You can read more here, but it’s a ‘theory’ of illness and cure that originated prior to the discovery of germs and the development of germ theory. Since that time, it has persisted largely and remarkably unchanged. The basic axioms are that “like cures like” and “the more you dilute something, the stronger it becomes.” So, for example, if you’re an end-stage alcoholic suffering from cirrhosis of the liver, the best medicine is tequila, but only if you cut it with water so many times that there’s no tequila left in your tequila. So, two wrongs (and one utter violation of the laws of physics as we know them) make not a right, but a nothing (i.e. giving water to someone with cirrhosis). And the fact that homeopathy is predicated upon diluting any actual effects out of existence is probably the reason it’s persisted while other historical, magical nonsense like alchemy, bloodletting, lobotomies, and exorcisms have gone extinct — homeopathy is relatively harmless because it’s all placebo, all the time (unless a practitioner makes a mistake and creates a nostrum that actually has some effect, which would be a problem). At the time this was proposed, it was as reasonable as any other contemporary approach to medicine, but in this day and age, it’s utter quackery.
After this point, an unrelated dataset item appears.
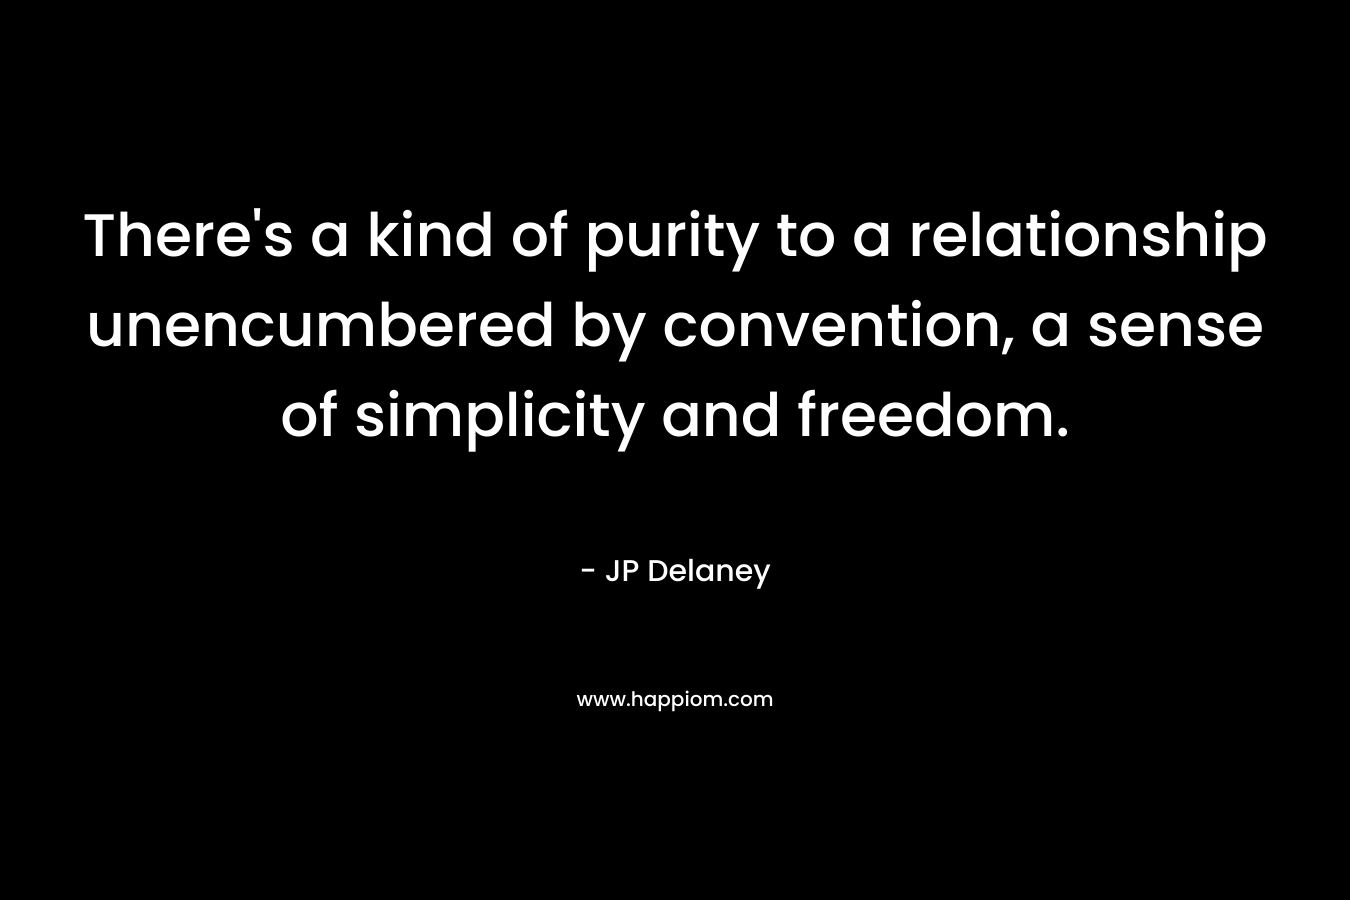 There’s a kind of purity to a relationship unencumbered by convention, a sense of simplicity and freedom. – JP Delaney

Let’s come back to this later.

I’m OK, You’re OK

In software development, we start out as babes in the woods with an “I’m not OK, you’re OK” mentality. Everyone else knows what they’re doing and we’re lost. This is not healthy — we should be nurtured and not judged until we feel that we’re OK. Likewise, what separates good mentors from Expert Beginners is the adoption of an “I’m OK, you’re OK” attitude versus an “I’m OK, you’re not OK.” The latter is also not good. I write code and I’m OK. You write code and you’re OK. Maybe you’re more experienced than me, or maybe I’m more experienced than you. Either way, that’s OK. I’m OK and you’re OK.

At the end of the day, we’re all writing code that works, or at least trying to. And that’s OK. It’s OK if it doesn’t always work. We’re all trying. Maybe I test my code before checking it in. I’m OK. Maybe I at least compile it. And that’s OK. Maybe you don’t. And that’s OK. You’re OK. I’m OK and you’re OK. As long as we’re all trying, or, if not always trying, at least showing up, we’re all OK. There’s no sense casting aspersions or being critical.

This is the mature, healthy way to regard one another in the industry. Isn’t it? As long as we show up to work for the most part and sometimes write stuff that does stuff, who is anyone to judge? We’re all OK, and that’s OK.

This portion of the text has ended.